Как бы то ни было, но с этих пор матушкой овладела та страсть к скопидомству, которая не покинула ее даже впоследствии, когда наша семья могла считать себя уже вполне обеспеченною. Благодаря этой страсти, все куски были на счету, все лишние рты сделались ненавистными. В особенности возненавидела она тетенек-сестриц, видя в них нечто вроде хронической язвы, подтачивавшей благосостояние семьи.
Тетеньки окончательно примолкли. По установившемуся обычаю, они появлялись в Малиновце накануне преображеньева дня и исчезали в «Уголок» в конце апреля, как только сливали реки и устанавливался мало-мальски сносный путь. Но и там и тут существование их было самое жалкое.

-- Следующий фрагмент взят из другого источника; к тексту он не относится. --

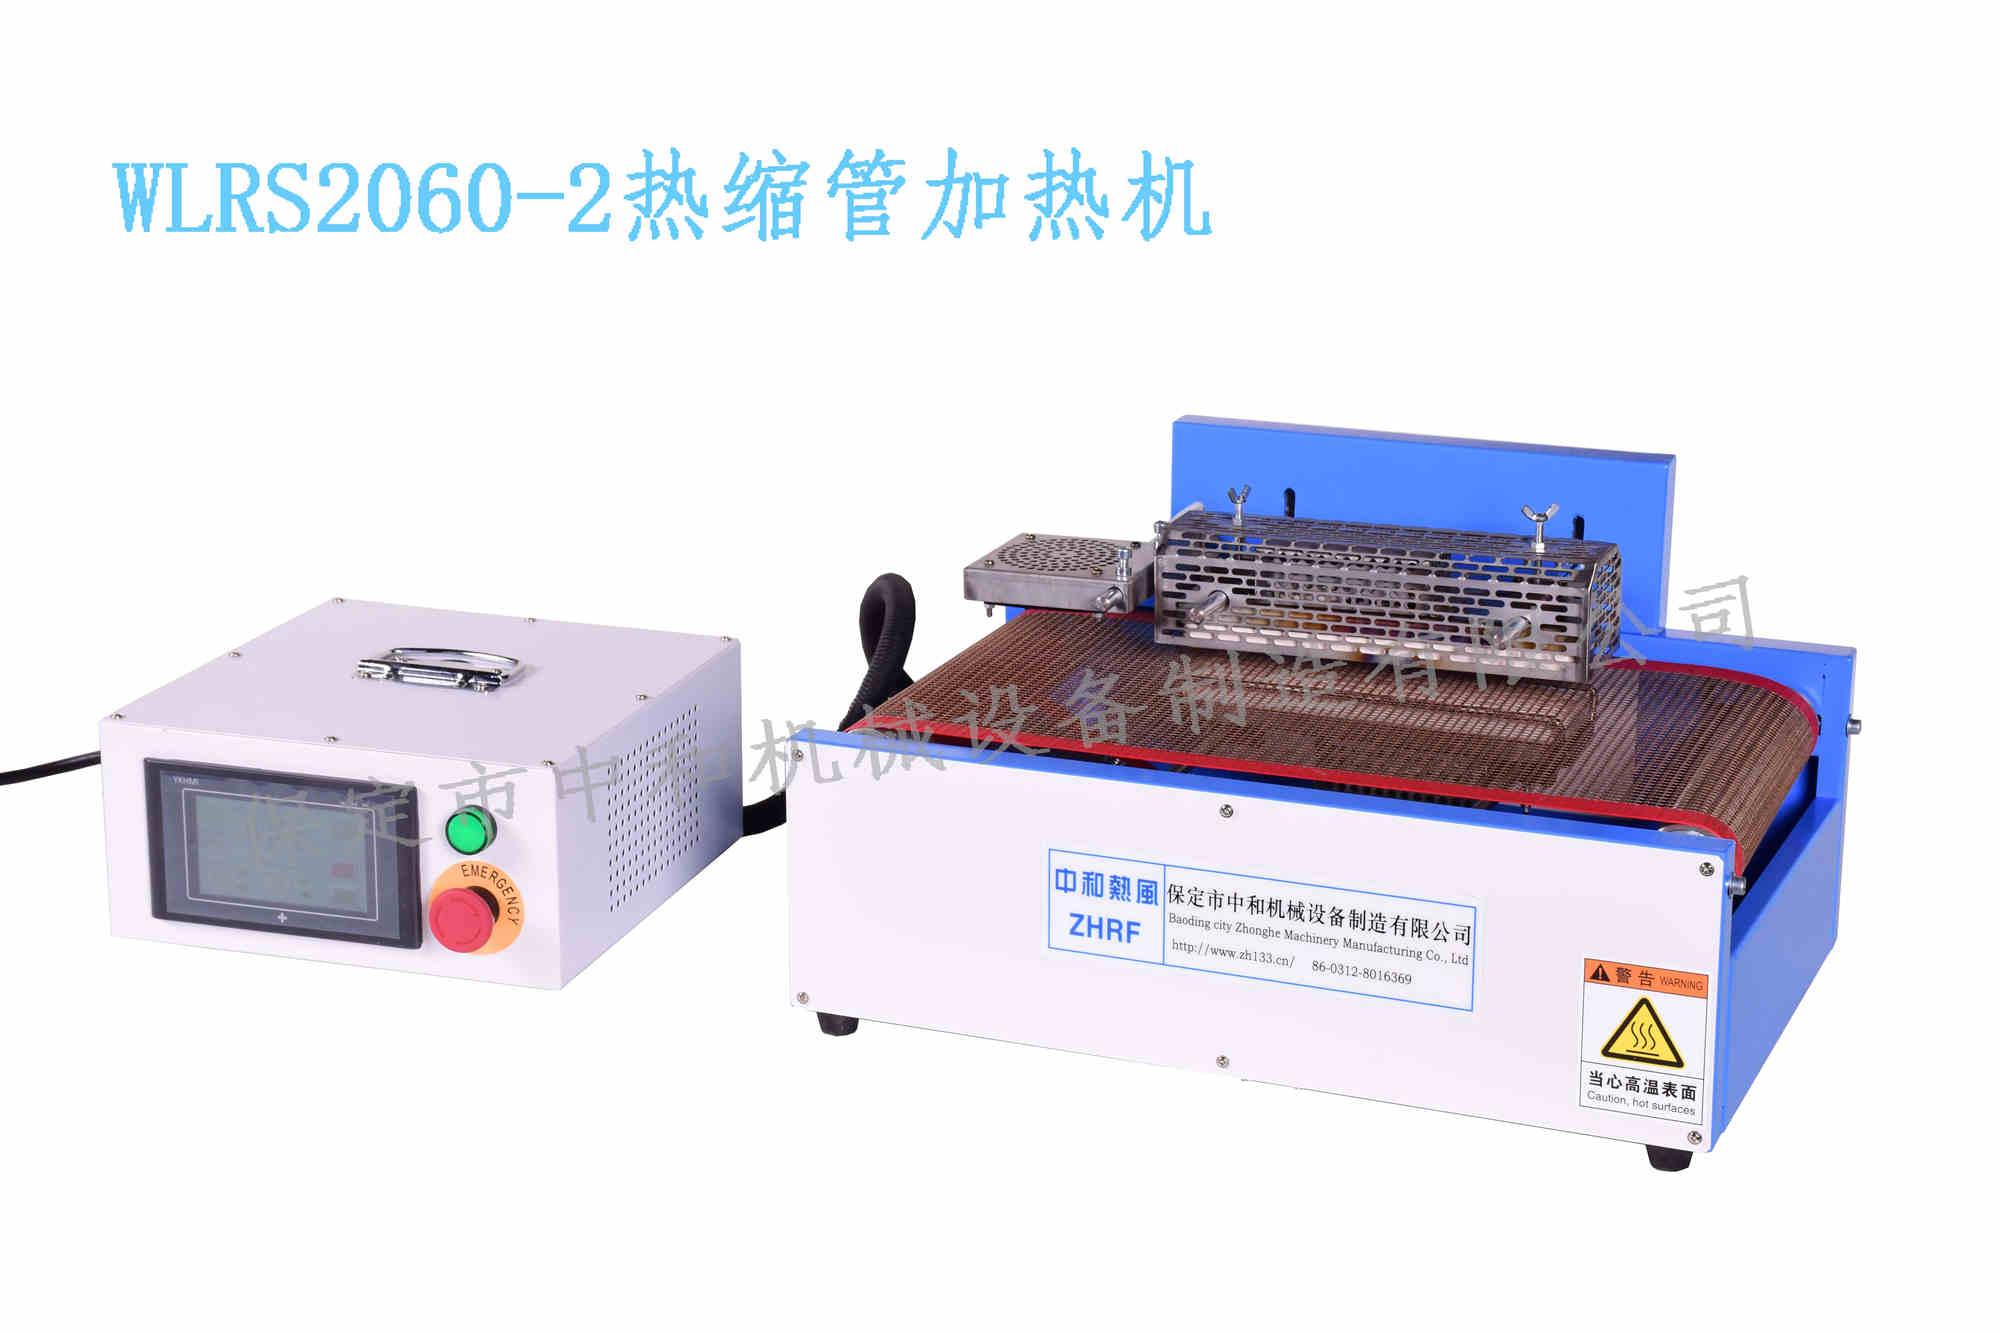 連續熱縮套管加熱設備 雙面熱縮管加熱設備 不傷線的熱縮管加熱設備

Господский дом в «Уголке» почти совсем равалился, а средств поправить его не было. Крыша протекала; стены в комнатах были испещрены следами водяных потоков; половицы колебались; из окон и даже из стен проникал ветер. Владелицы никогда прежде не заглядывали в усадьбу; им и в голову не приходило, что они будут вынуждены жить в такой руине, как вдруг их постигла невзгода.
Хозяйство в «Уголке» велось так же беспорядочно, как и в Малиновце во время их управления, а с прибытием владелиц, элемент безалаберности еще более усилился.
Они были не только лишены всякого хозяйственного смысла, но сверх того, были чудихи и отличались тою назойливостью, которая даже самых усердных слуг выводила из терпения. В особенности проказлива была Марья Порфирьевна, которой, собственно, и принадлежал «Уголок».
Переезжая на лето к себе, она чувствовала себя свободною и как бы спешила вознаградить себя за те стеснения, которые преследовали ее во время зимы. Целые дни она придумывала проказу за проказой. То мазала жеваным хлебом кресты на стенах и окнах, то выбирала что ни на есть еле живую половицу и скакала по ней, рискуя провалиться, то ставила среди комнаты аналой и ходила вокруг него с зажженной свечой, воображая себя невестой и посылая воздушные поцелуи Иосифу Прекрасному. Однажды даже нарисовала углем усы благоверной княгине Ольге, а преподобному Нестору вывела на лбу рога. И сестра и прислуга неотступно следили за нею, опасаясь, чтобы она не сожгла усадьбы или чтобы с ней самой чего-нибудь не случилось.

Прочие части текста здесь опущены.